考虑到实际无人机飞行受到无人机的速度、水平过载和爬升速度的限制, 无人机的飞行状态需要满足如下约束条件:
$$ \begin{aligned}[b] & {{V}_{\text{min}}} \le {{V}_{i}} \le {{V}_{\text{max}}},\; \\ & \left| {{{\dot{\psi }}}_{i}} \right| \le V_{i}^{-1}{{n}_{\text{max}}}g,\; \\ & {{h}_{\min }} \le {{h}_{i}} \le {{h}_{\max }},\; \end{aligned} $$ (2) 其中, $ g=9.8\,\;\text{m/s} $为重力加速度, $ {{V}_{\text{min}}} $, $ {{V}_{\text{max}}} $分别为无人机最小和最大飞行速度, $ {{n}_{\text{max}}} $为最大水平过载, $ {{h}_{\min }} $, $ {{h}_{\max }} $为最小和最大的高度变化率.
本文设定集群的交互拓扑为全连通的, 即无人机能够和集群中的所有个体进行交互, 无人机$ i $的交互邻居集合为$ {{N}_{i}}=\left\{ j|j=1,\;2,\;\cdots ,\;N,\;j\ne i \right\} $. 受到Cheng等[8]的启发, 引入集群运动序参量定义. 并定义集群的运动相态如下.
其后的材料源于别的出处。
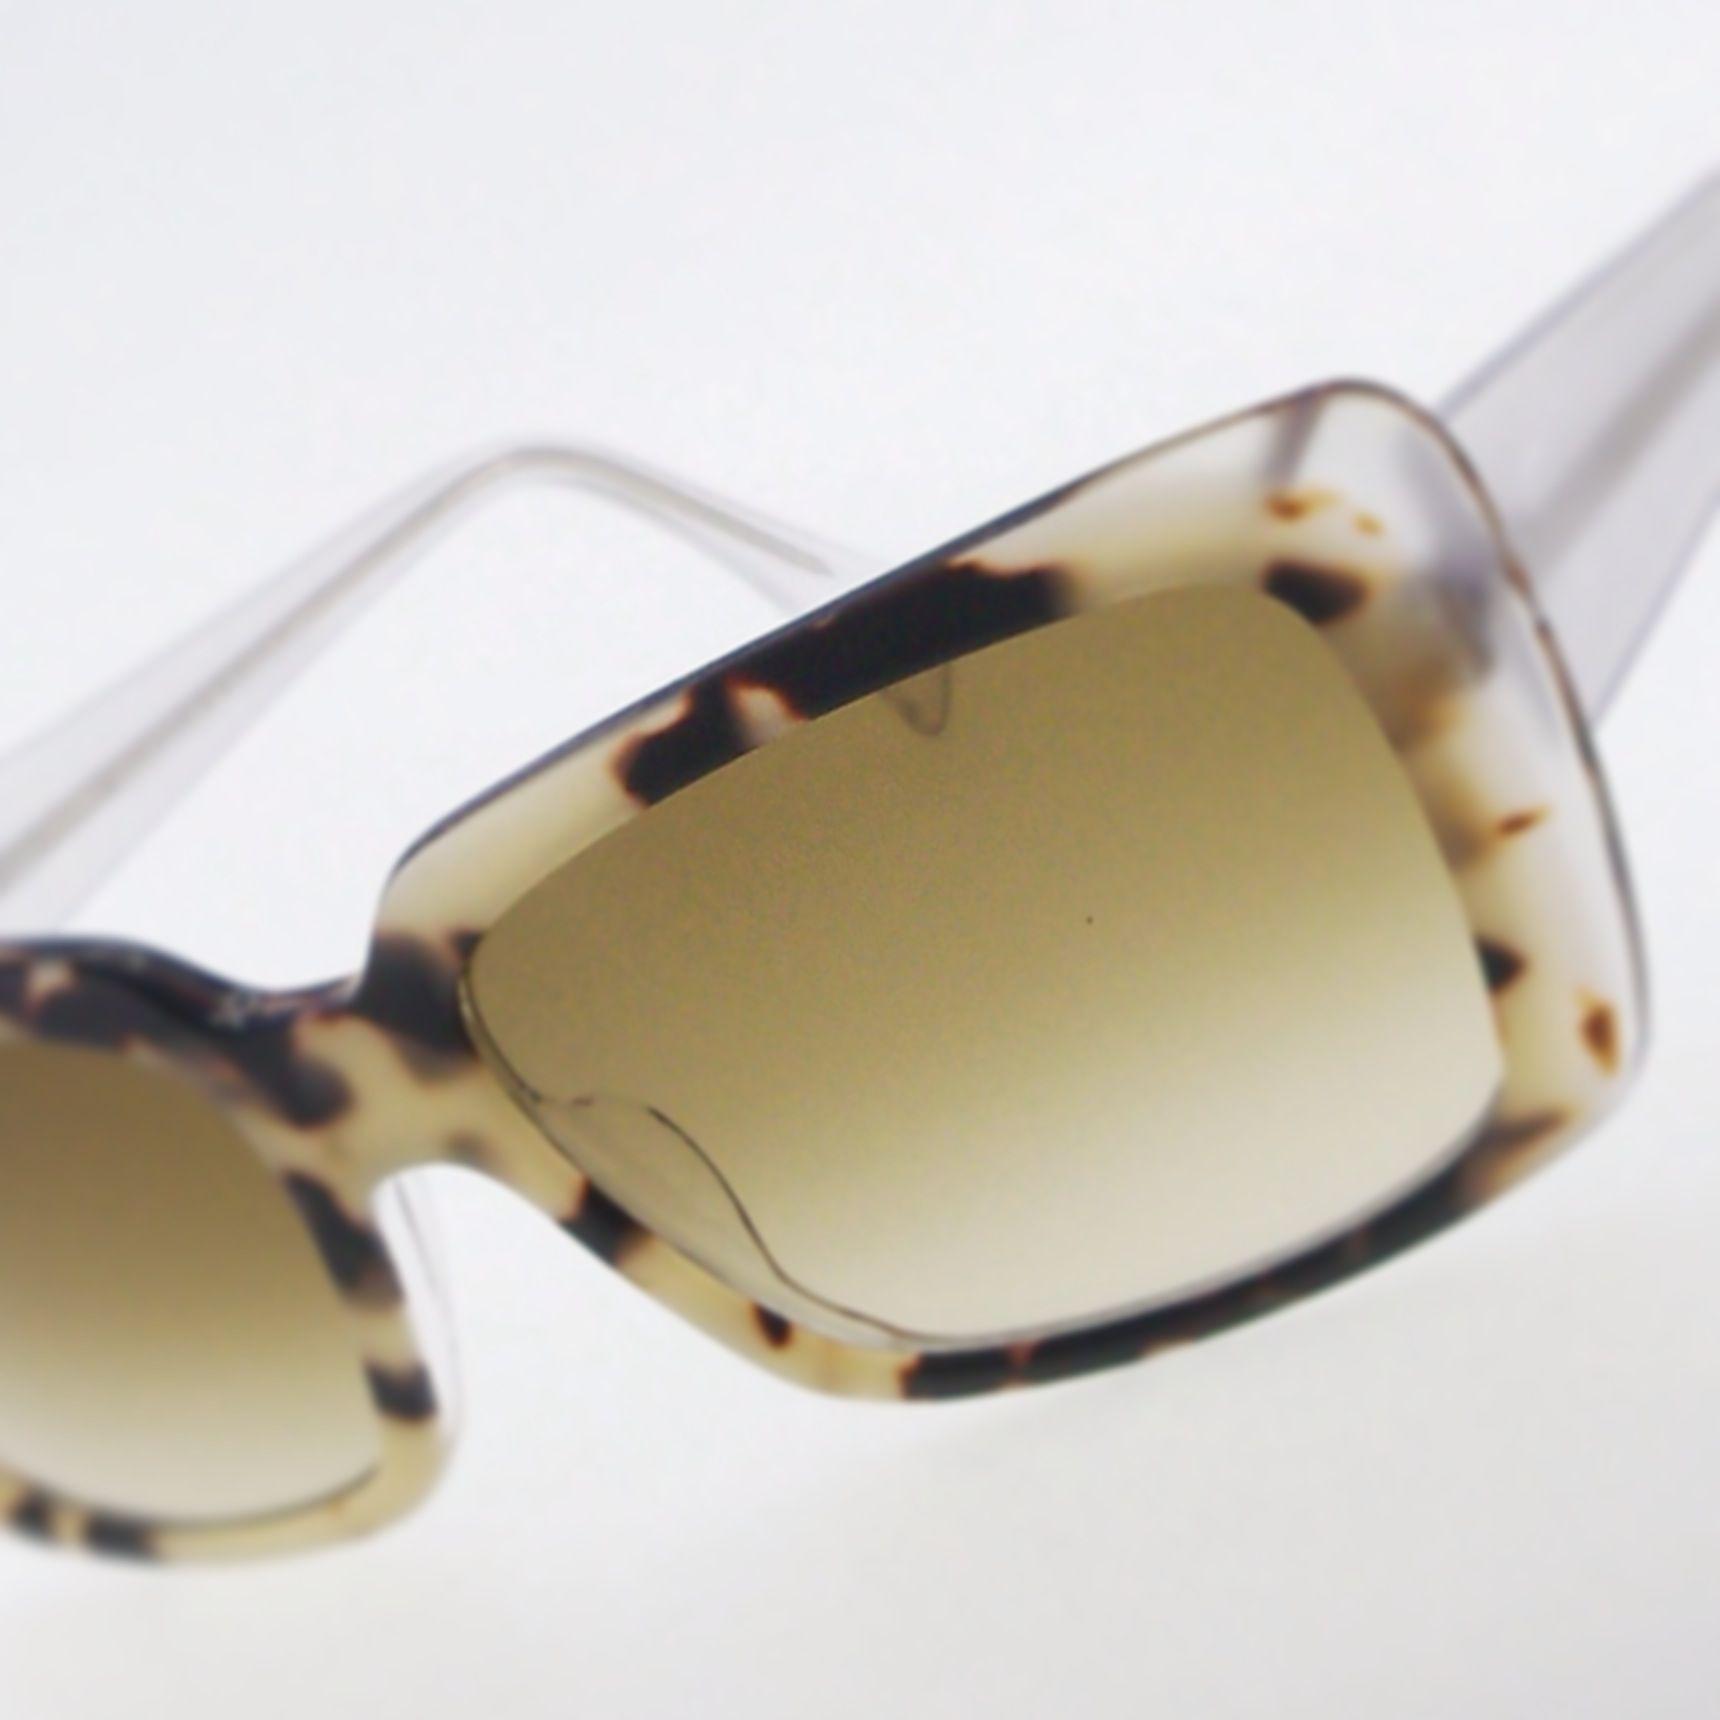 ecd694da369e3 Lojas De Roupas, Óculos, Óculos, Últimas Tendências, Natação, Óculos De  Sol, Lentes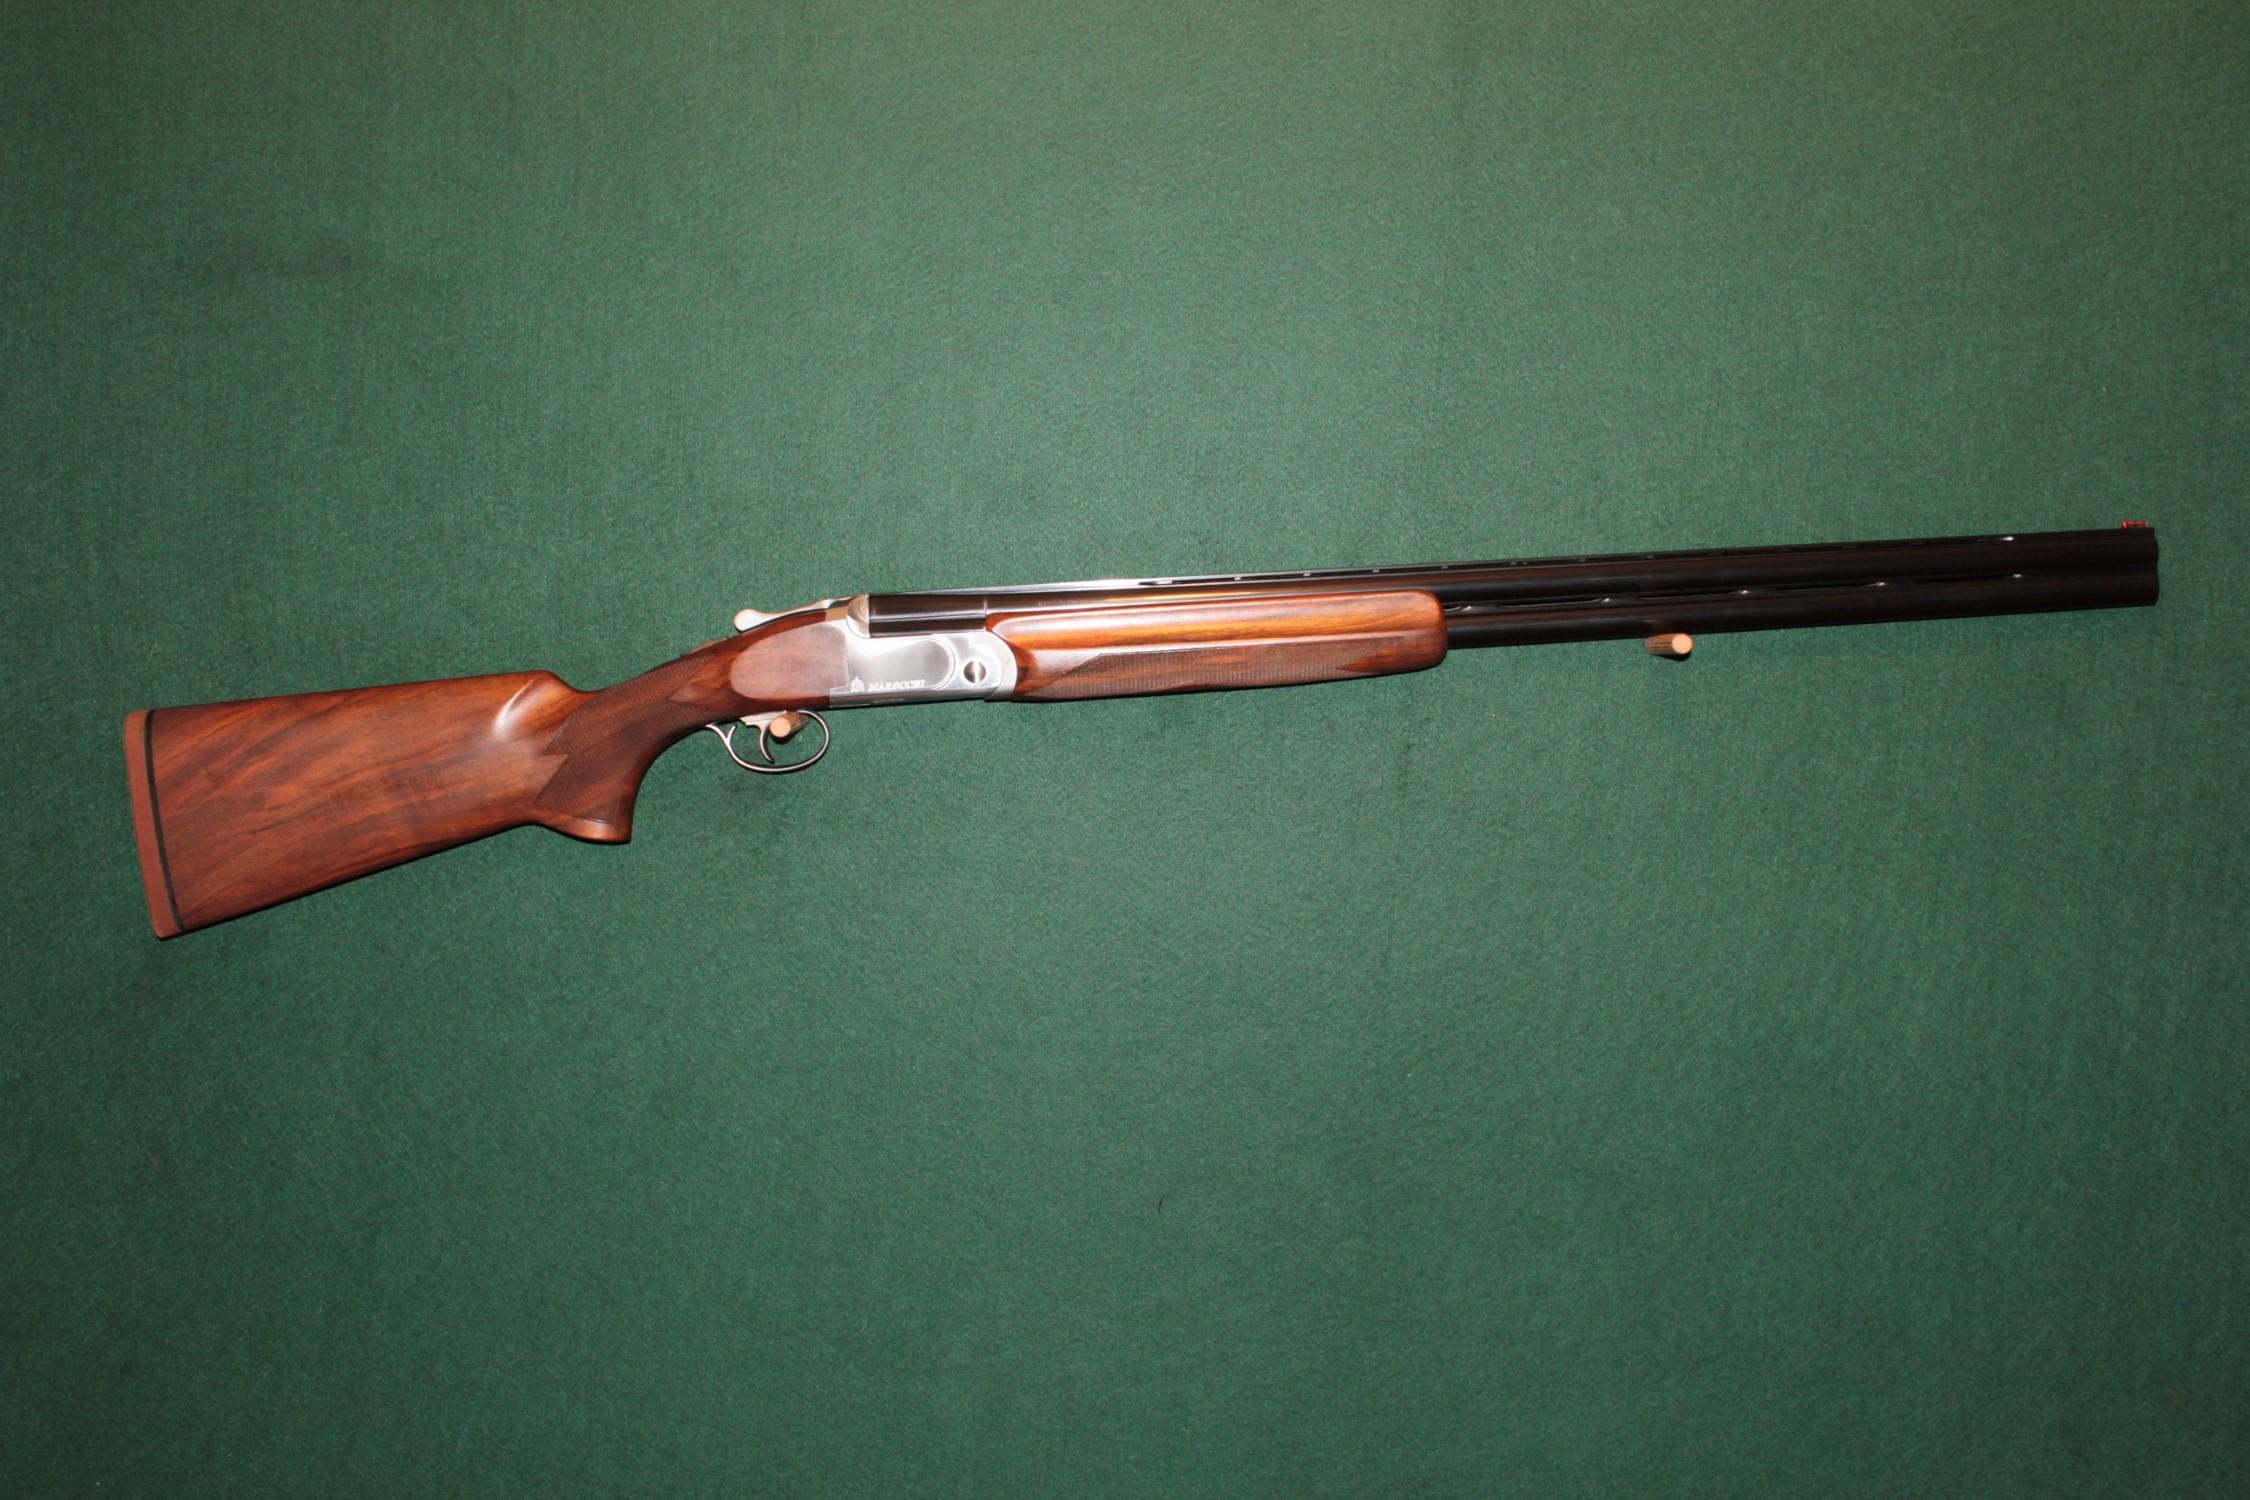 b8d12a0c4f Sovrapposto - marca MAROCCHI - modello 99 TRAP - calibro 12 - ARMI LUNGHE -  ARMI

定义 1. (集群平移序参量与平移运动相态) 给定某一时刻无人机集群的位置矢量$ \mathbf{p}=[ {{\mathbf{x}}_{1}},\;{{\mathbf{x}}_{2}}, \;\cdots , {{\mathbf{x}}_{N}} ]^{\text{T}} $和惯性坐标系下的速度矢量$ \mathbf{v}=[\dot{\mathbf{x}}_1,\; \dot{\mathbf{x}}_2,\; \cdots, \dot{\mathbf{x}}_N]^{\mathrm{T}} $, 则可定义无人机集群平移序参量$ {{V}_{m}} $如下[8]:
$$ \begin{aligned} {{V}_{m}}=\frac{1}{N}\left\| \sum\limits_{i=1}^{N}{\frac{{{\mathbf{x}}_{i}}}{\left\| {{\mathbf{x}}_{i}} \right\|}} \right\| \end{aligned} $$ (3) 当无人机集群满足$ {{V}_{m}}=1 $时, 称无人机集群处于平移运动相态.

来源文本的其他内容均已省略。